Note: MapReduce 2.0 Versus YARN
In Hadoop 2.0, MapReduce is referred to as MapReduce 2.0, MRv2, NextGen MapReduce, or YARN. You will find this different nomenclature used in different artifacts. But just to summarize, the resource management and application life-cycle management capabilities have been moved from the classic MapReduce into the YARN layer.
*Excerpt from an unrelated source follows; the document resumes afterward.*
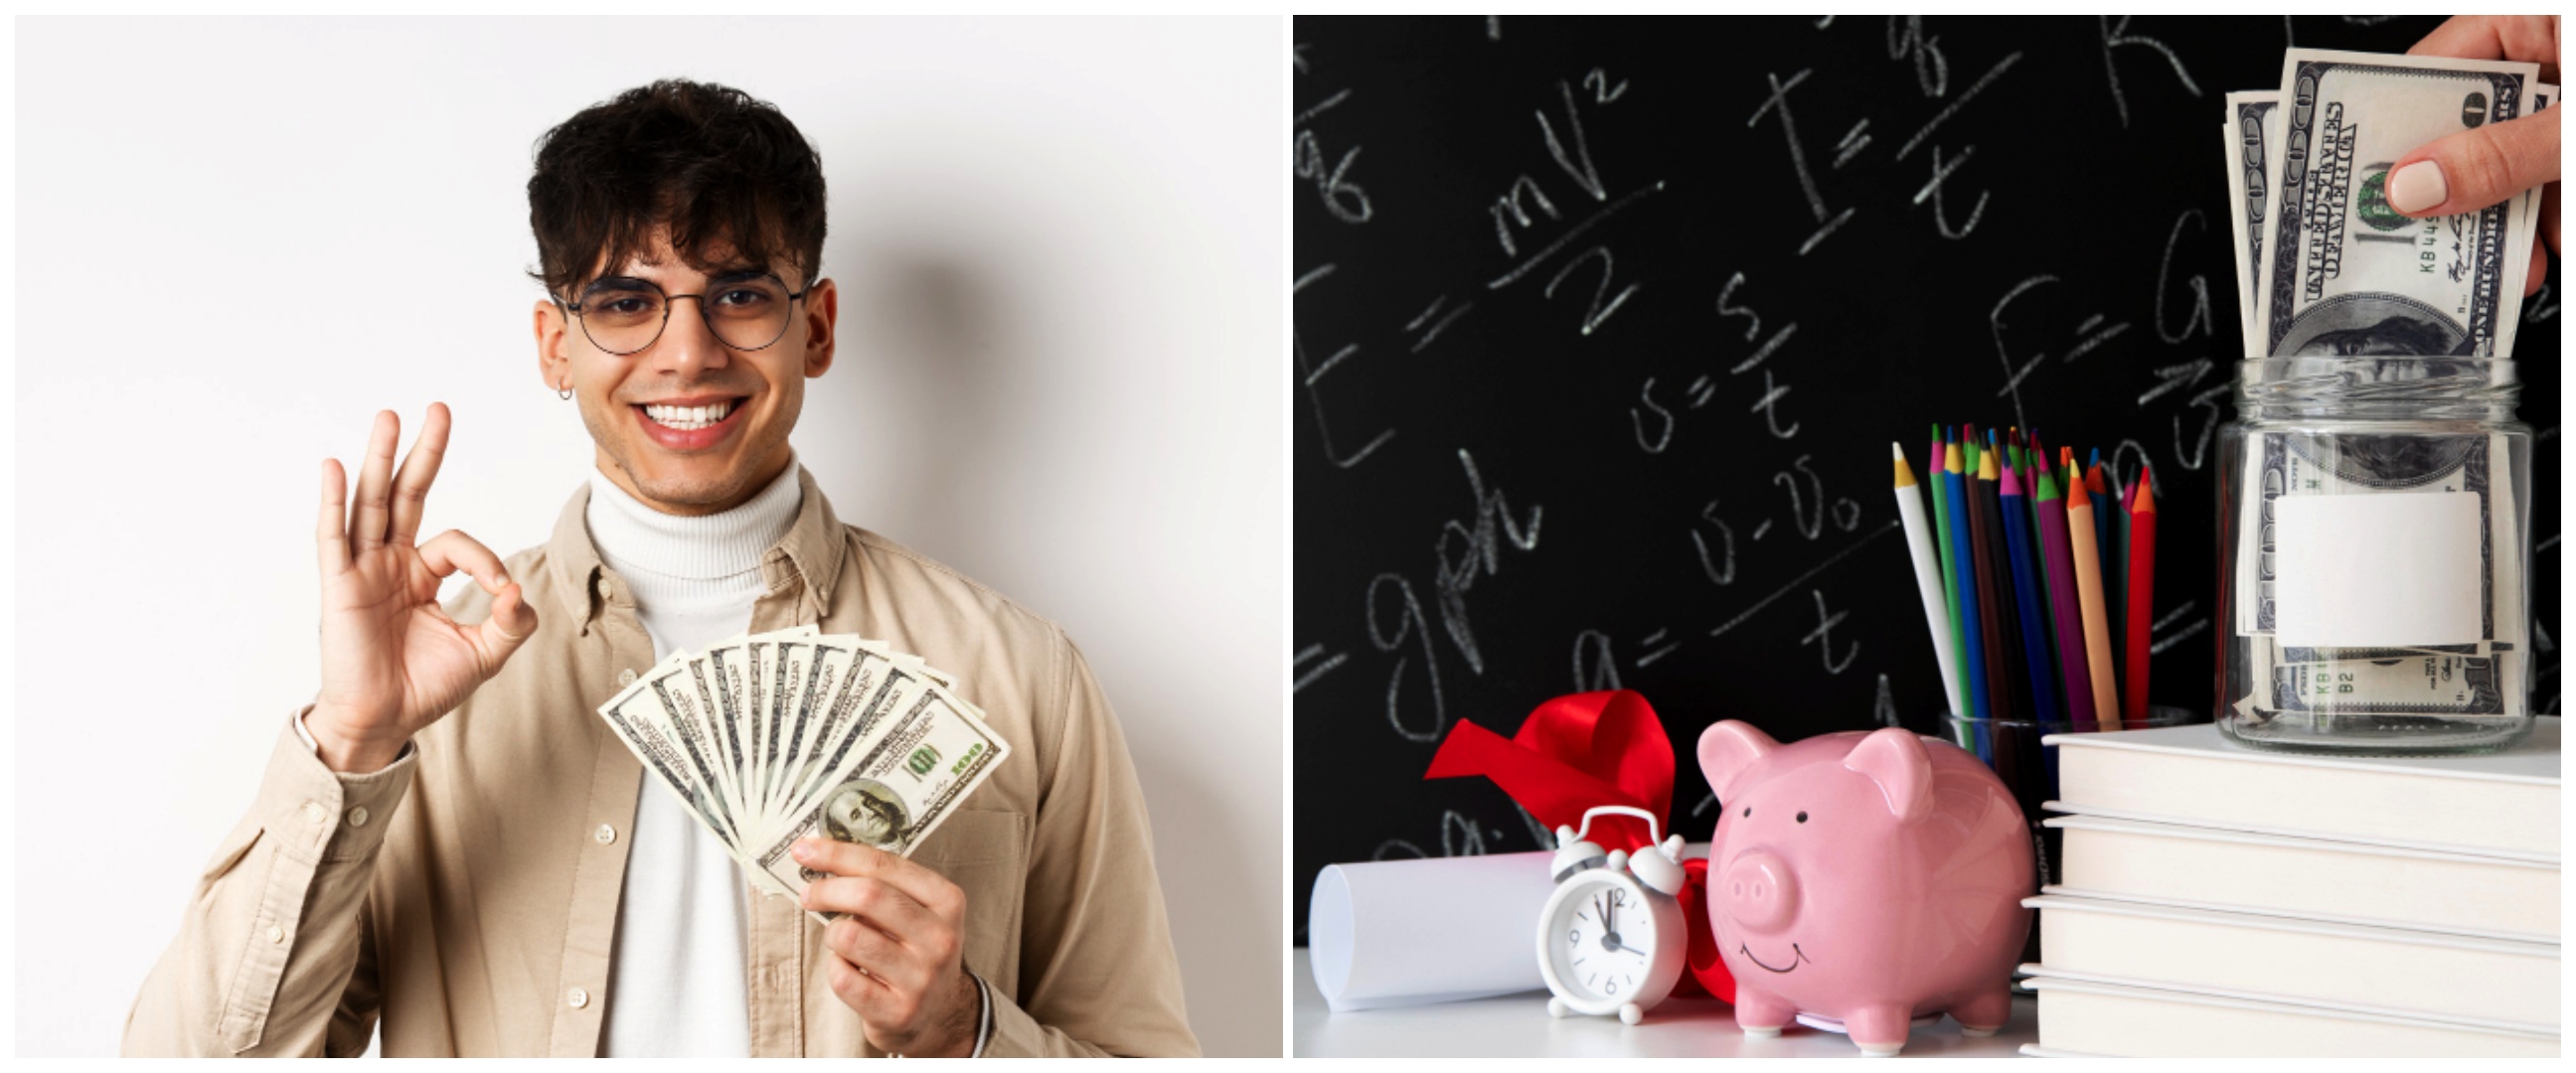 7 Cara mengatur uang mingguan buat pelajar, masih cukup untuk jajan atau beli barang impian

MapReduce can now focus on what it does best (batch-mode data processing), and YARN can work as an
operating system for the Hadoop cluster serving requests from multiple applications, not just limited to MapReduce.
In other words, MapReduce 2 and YARN are different; referring to them as the same thing is misleading or deceiving. YARN is a generic framework or data operating system that provides Hadoop with cluster resource
management and job scheduling/monitoring capabilities. YARN sits on top of HDFS and provides these services to any application targeting it, to leverage the services in Figure 5.3, whereas MapReduce 2 is just one application among many applications leveraging services provided by YARN.
Note that YARN is in no way tied to MapReduce only and can be leveraged by any application wanting to use it. You can find the latest details on other applications that leverage the power of YARN here:
http://wiki.apache.org/hadoop/PoweredByYarn.
As you saw in Figure 5.3, YARN now takes care of resource management, job scheduling, and monitoring, making MapReduce a pure computational layer on top of YARN for batch processing. It’s now possible for the other components to be written natively over YARN, but that doesn’t just happen. Even in a Hadoop 2.0 cluster, many things still translate down into MR: The community is working on YARN versions of most components, and these are in various states of completion.